Recorded information:
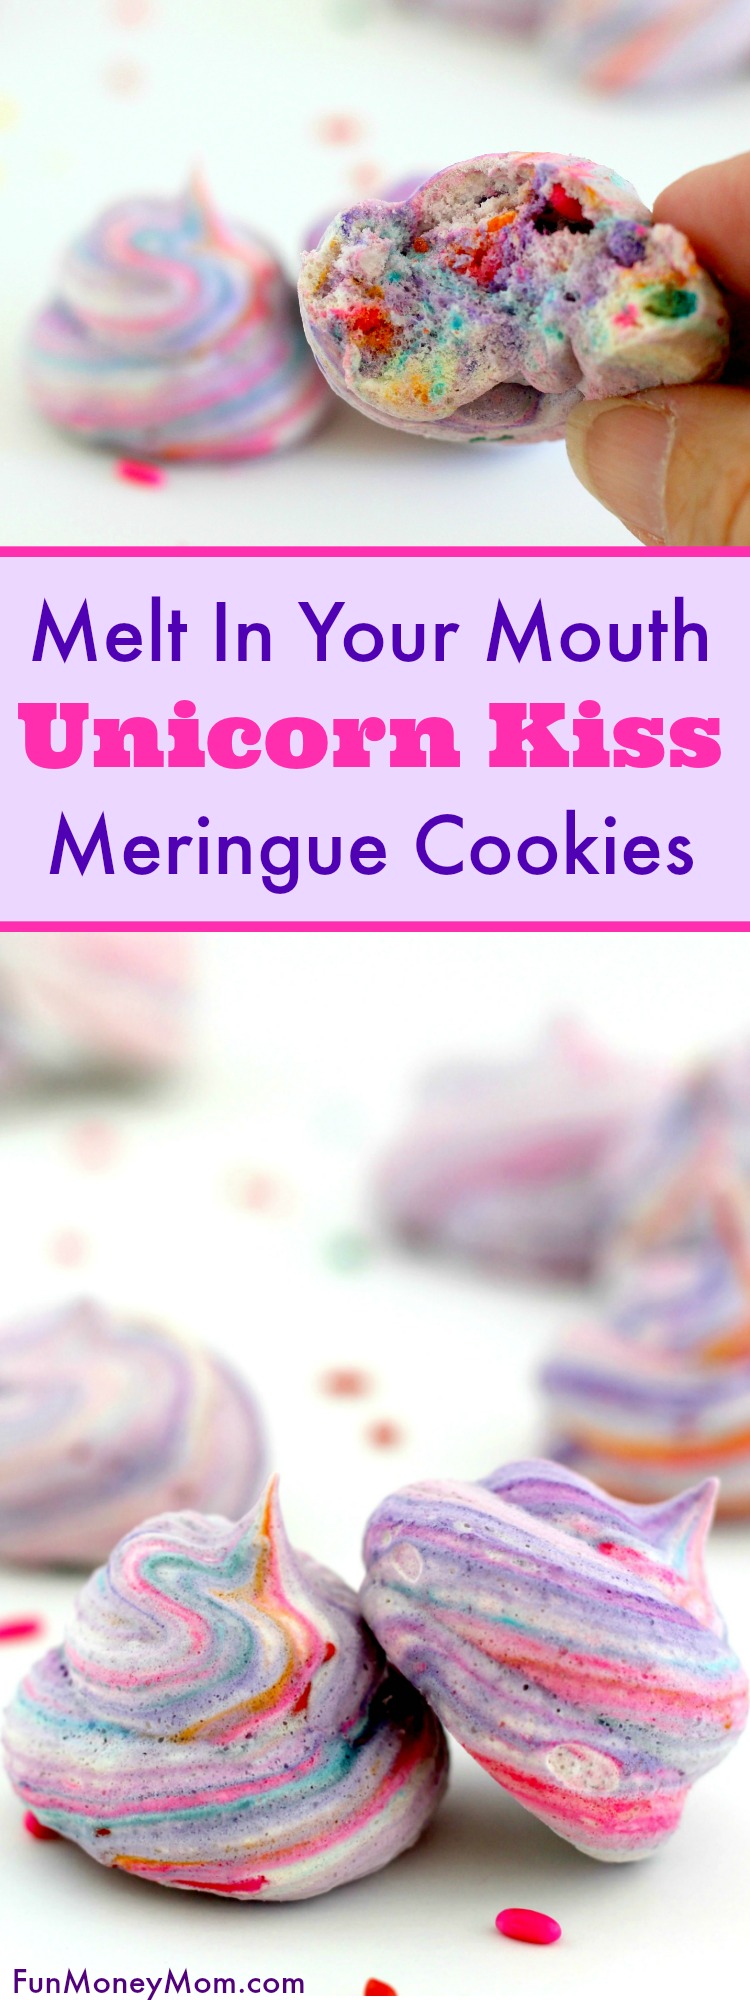 These Unicorn Kiss Meringue Cookies are perfect for a party or just a fun treat. Just don't expect these melt in your mouth sweets to last very long!
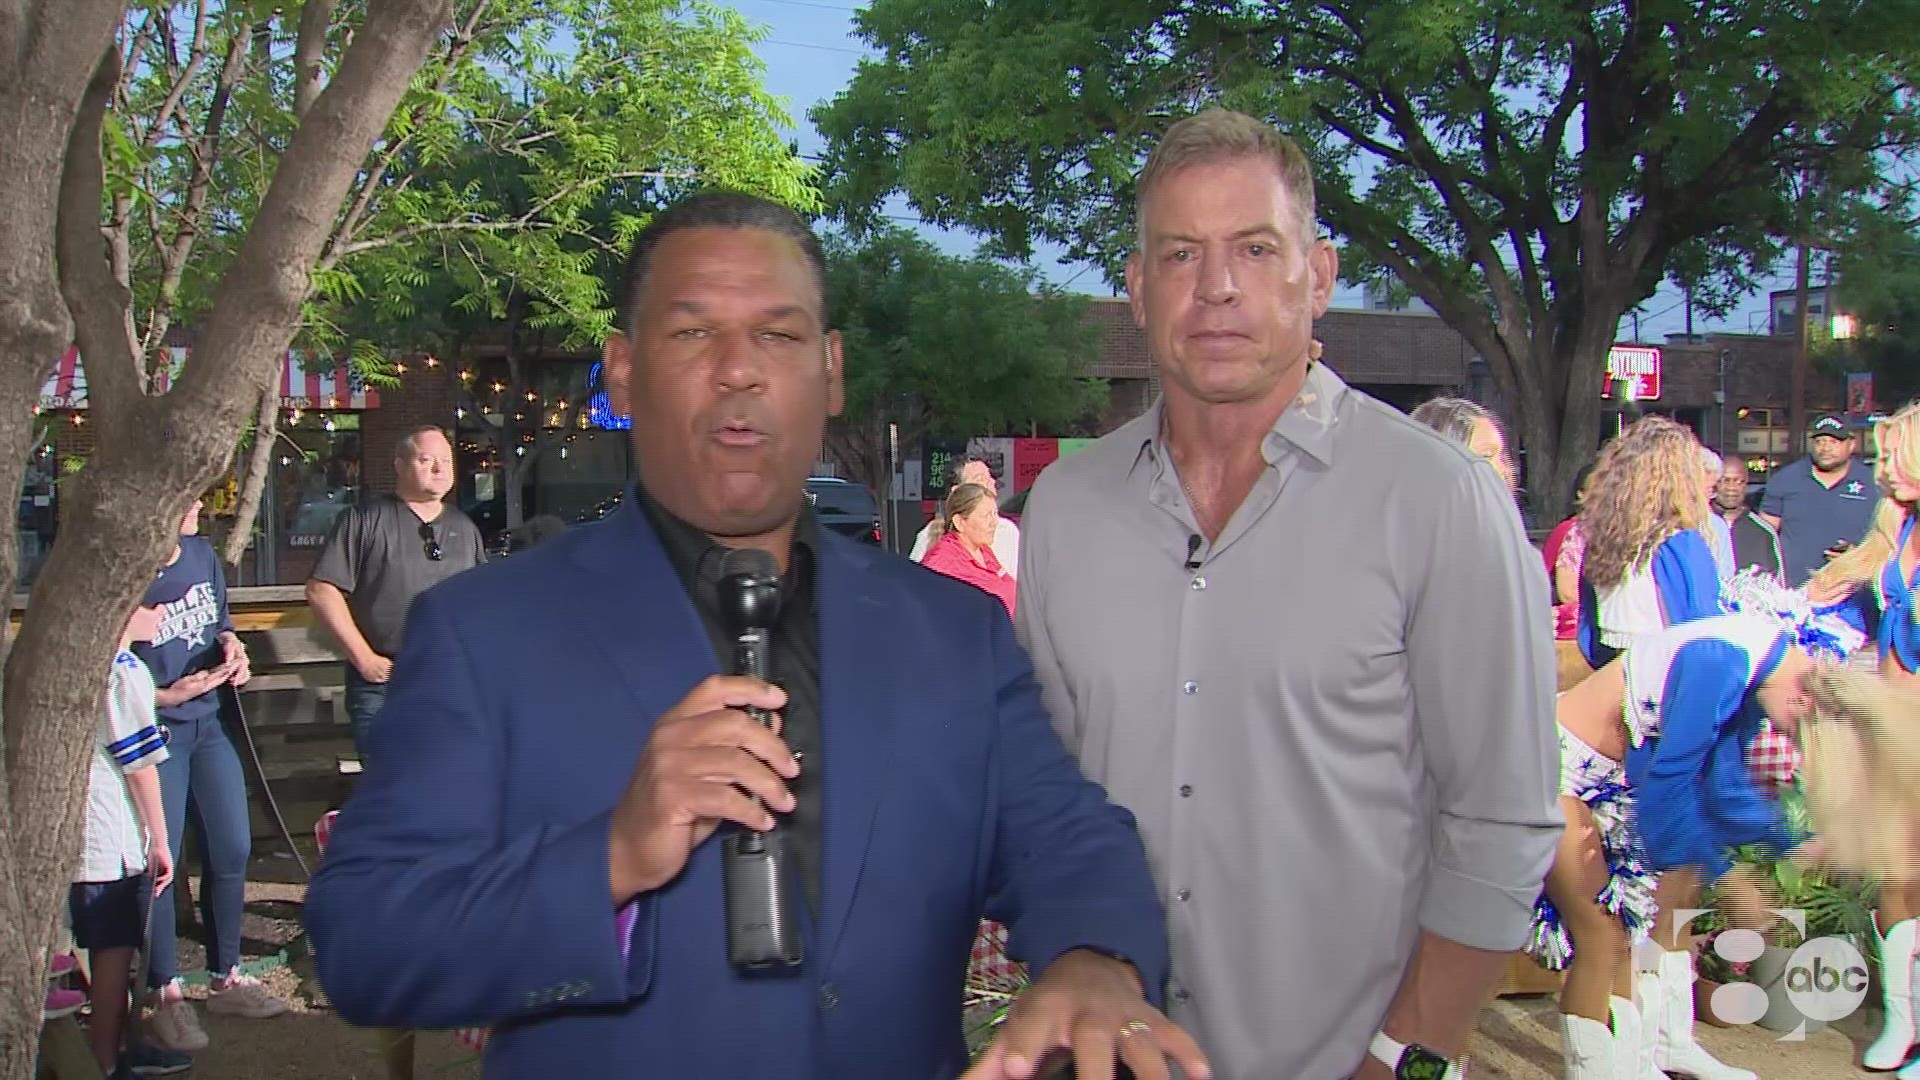 Cowboys legend and now Monday Night Football color commentator Troy Aikman spoke exclusively with WFAA on the Dallas Cowboys, some good ole Texas barbecue and more!
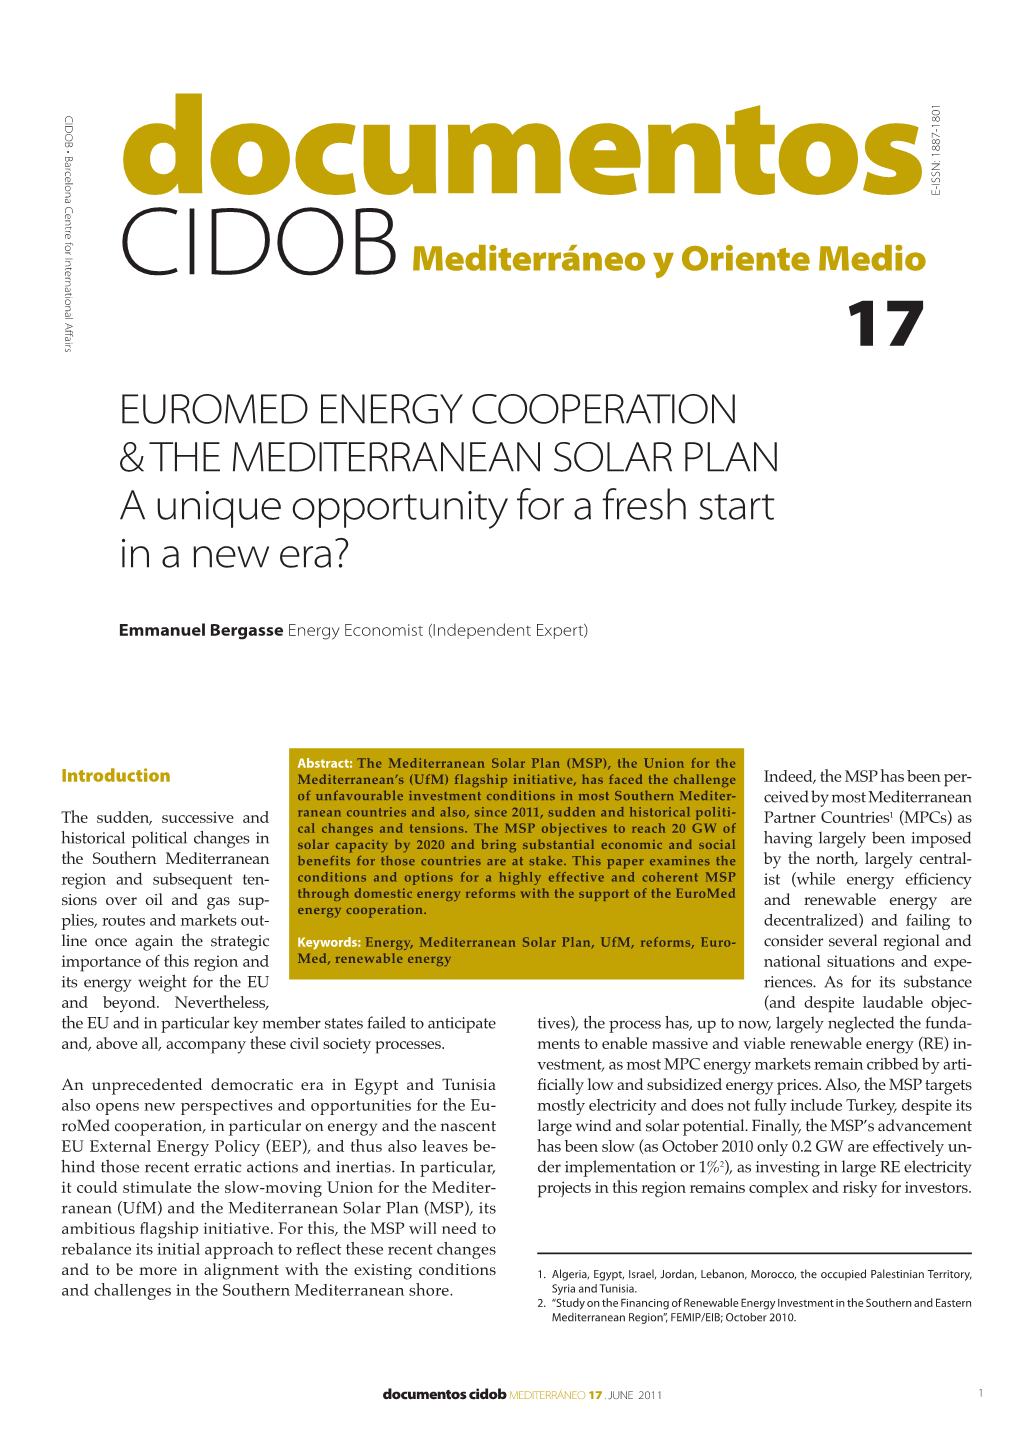 EUROMED ENERGY COOPERATION & the MEDITERRANEAN SOLAR PLAN a Unique Opportunity for a Fresh Start in a New Era?

Prompt: Drop the pictures, then write out only the lines running from the one containing "Cowboys legend and" through the last line above, both included, exactly.

Solution:
 Cowboys legend and now Monday Night Football color commentator Troy Aikman spoke exclusively with WFAA on the Dallas Cowboys, some good ole Texas barbecue and more!
 EUROMED ENERGY COOPERATION & the MEDITERRANEAN SOLAR PLAN a Unique Opportunity for a Fresh Start in a New Era?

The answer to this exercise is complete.